The shareholder model of marketing

Some of the underlying assumptions of marketing have long perplexed me. A business or organization hires an agency because they have the skills to drive long term success, but the business relationship between client and agency does not always reflect a long term view of shared growth. The current status quo leads to frustration on both sides. A brilliant Creative Director pitches a campaign guaranteed to increase sales, but can’t get the idea past a skeptical client — as if the client were the target audience and not the public. Perhaps a subpar campaign has no effect on sales, but the marketer gets paid nonetheless. Both dilemmas underscore and reinforce a lack of trust between agencies and clients. If a client doesn’t trust the agency’s expertise, the world’s next groundbreaking campaign is trashed before it can see the light of day. If an agency doesn’t trust the client’s openness to new ideas, the agency might second-guess its most innovative ideas just to keep the account. Perhaps the client is less trusting because a previous agency failed to deliver, only to walk away from the relationship without accountability.

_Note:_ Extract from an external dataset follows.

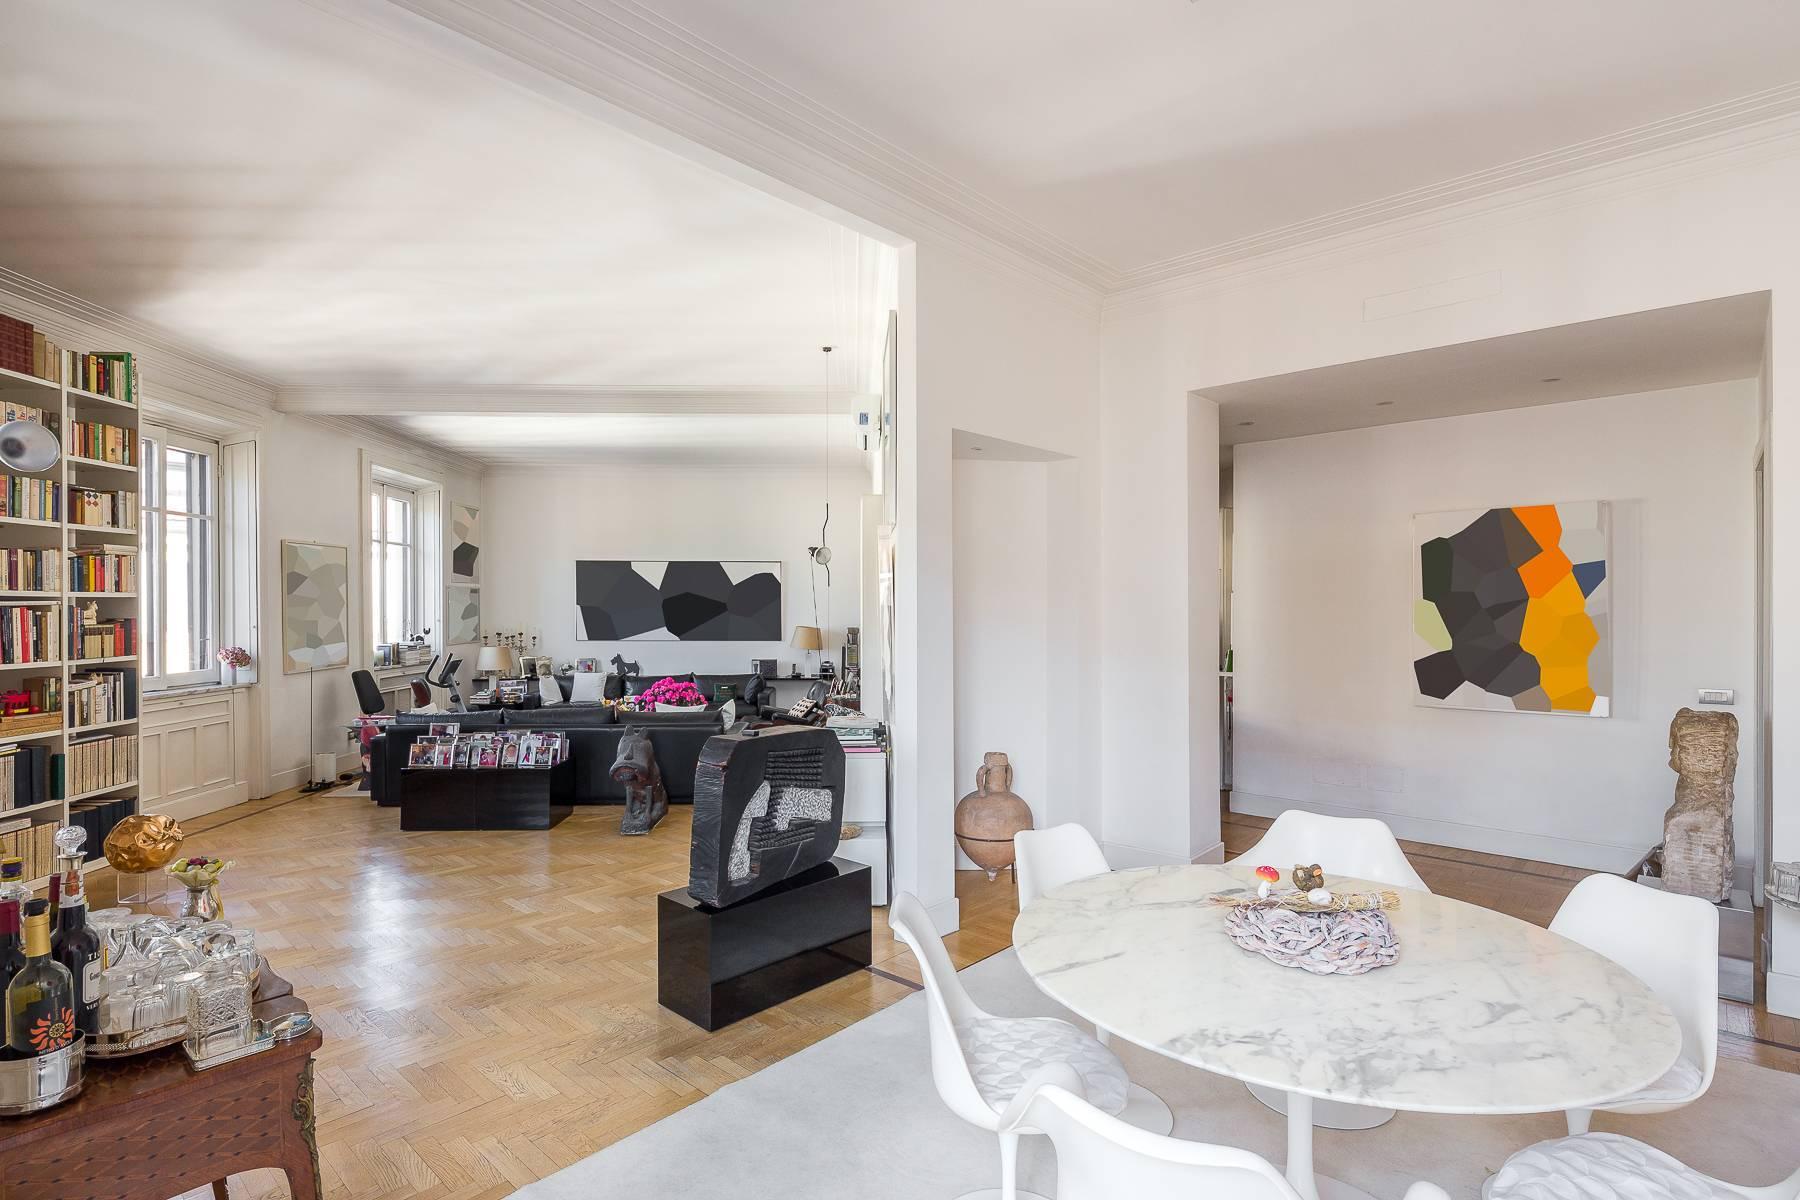 Appartamento esclusivo di 200 mq in nuda proprietà in un palazzo d'epoca - 20
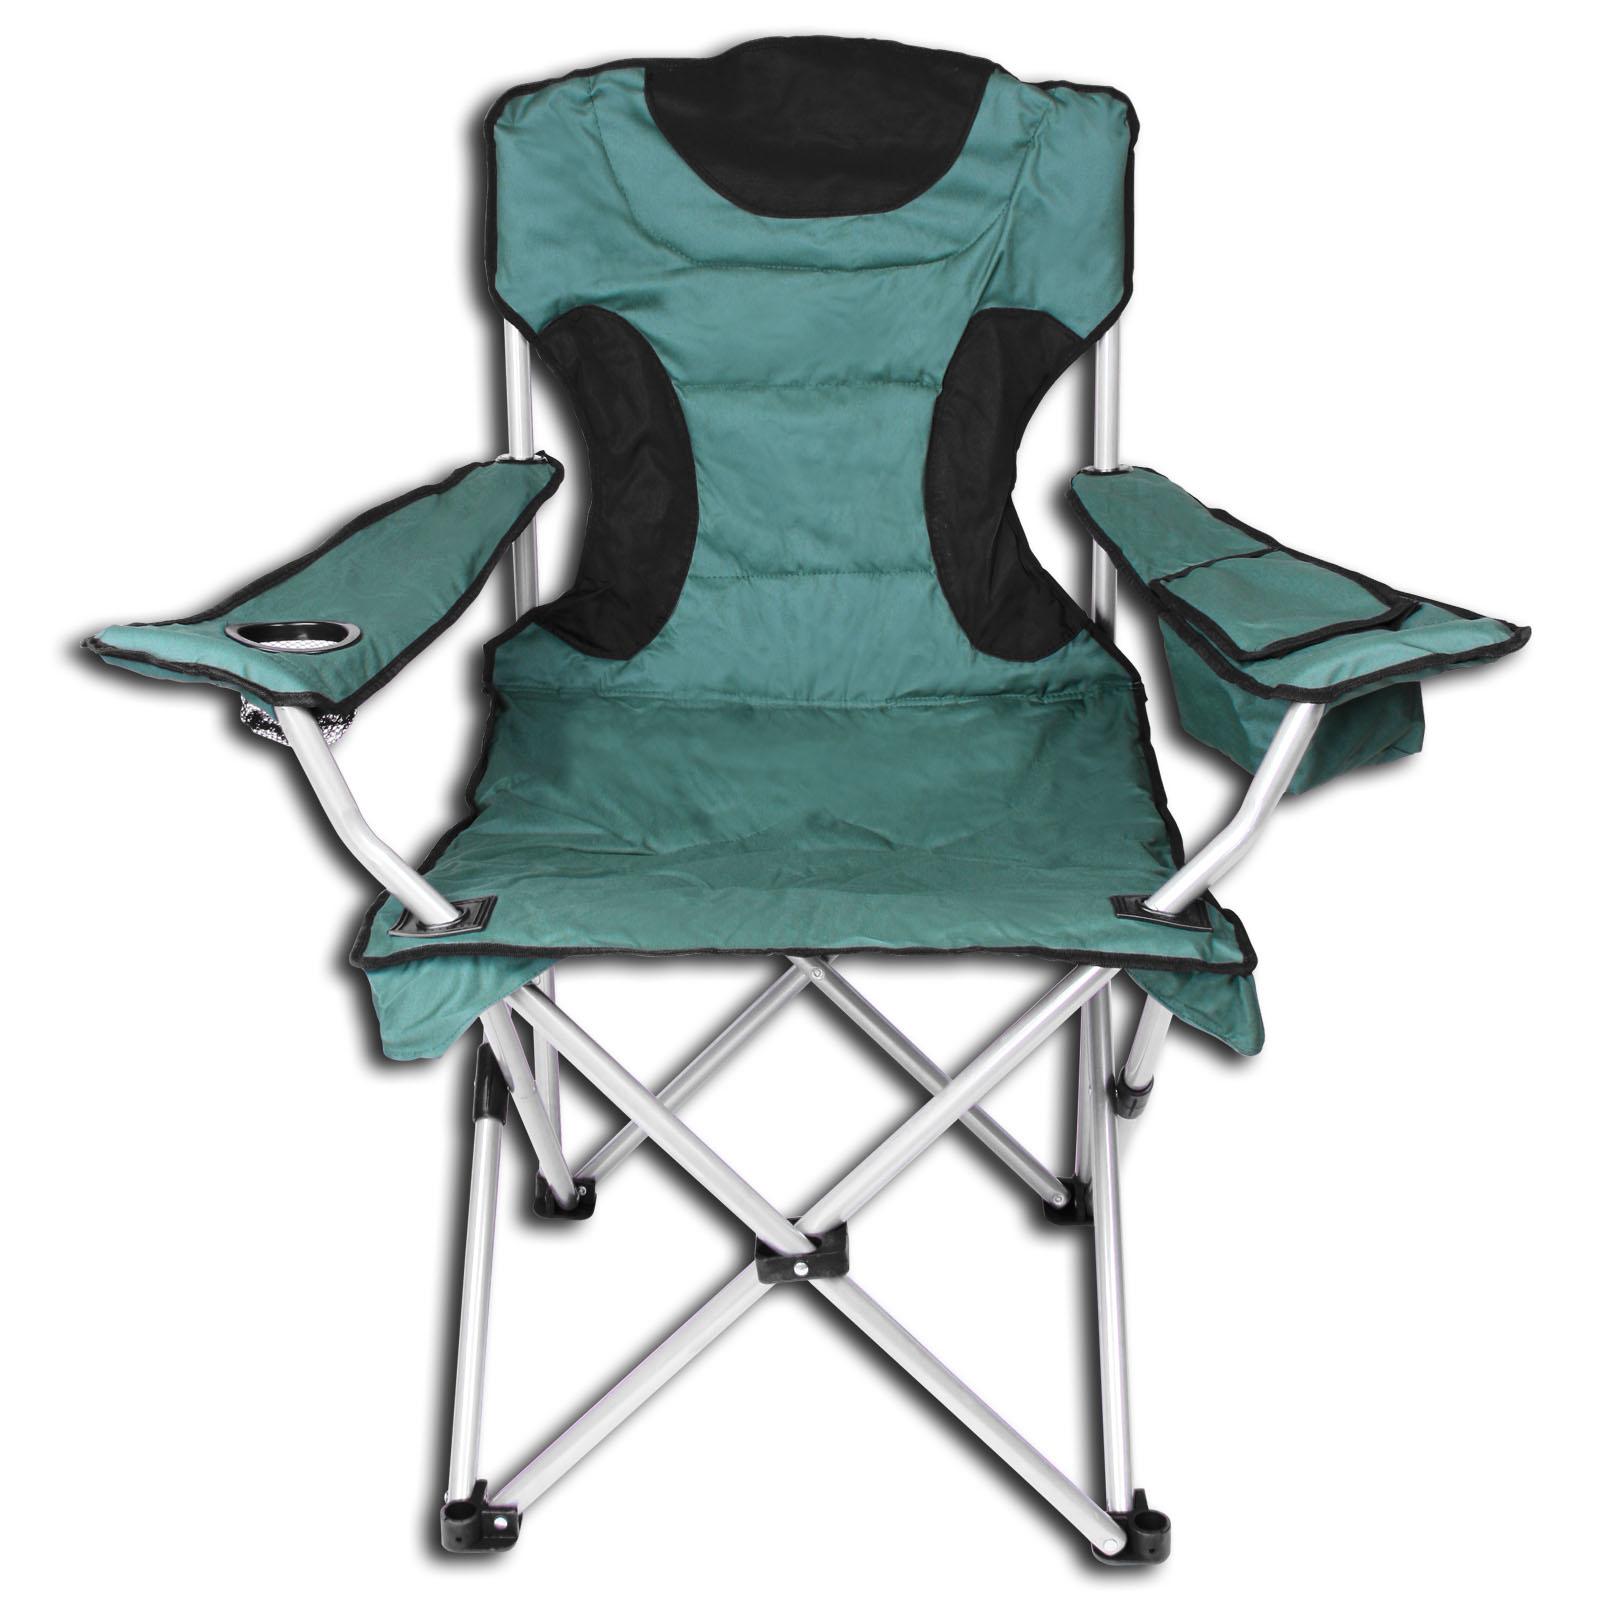 Chaise de camping chaise pliante pliante rembourré Incl. Gris Glacière Gris Incl. ou Rouge a8488f

I propose a new approach. Call it the “shareholder model of marketing.” Distilled to four key points:
- First, the agency and the client determine which specific metrics (in dollars) need to change. Is the change companywide or is it division-specific? Is it in terms of revenues or profits? Is it targeted to a local market or is it national or global?
- Once these indicators are isolated, the two parties need to establish a performance baseline. Let’s take global revenues, for example. If a company previously made X dollars in quarterly sales, then X dollars can be taken as a baseline. (The rationale: if the company never hired a new marketing firm, they could still expect X dollars in sales.) More sophisticated statistical methods can be used, but the basic idea is to isolate marketing’s effect on the target metric from a host of other variables, much as a scientist isolates the effect of the independent variable on the dependent variable.
- Once a metric and a performance baseline are established, the marketing firm and its client sign a contract of fixed duration, with the option to renew or renegotiate after the period elapses. Under the contract, the marketing firm is paid a proportional “cut” of any gains in the agreed-upon metric. For example, let us suppose a 15% cut. If the agency and the client agree that U.S. sales is the relevant metric and there is a $500 million increase in sales from the baseline, the company will pay the agency $75 million.
- Conversely, the company will bill the marketing agency should the agreed-upon metric decline below the baseline figure. In the example above, a $500 million drop in sales would lead the agency to pay $75 million to its client.
This approach will deepen the trust and between agency and client. The client will rest assured knowing that an agency cannot profit off the relationship unless lasting value is delivered. (In the event of losses, there will be greater accountability because the agency will have to pay a penalty for failure.) The agency will have far greater creative freedom to do what is right for the brand. If a client wants to trust an agency with its long-term wellbeing, the agency will feel respected. With this respect at the foundation, the agency can focus on delivering the best work possible, without fearing micromanagement from the client. If the agency believes in its work and the public is impressed, the company profits and the agency shares in its success. If the public are indifferent, accountability is built into the system.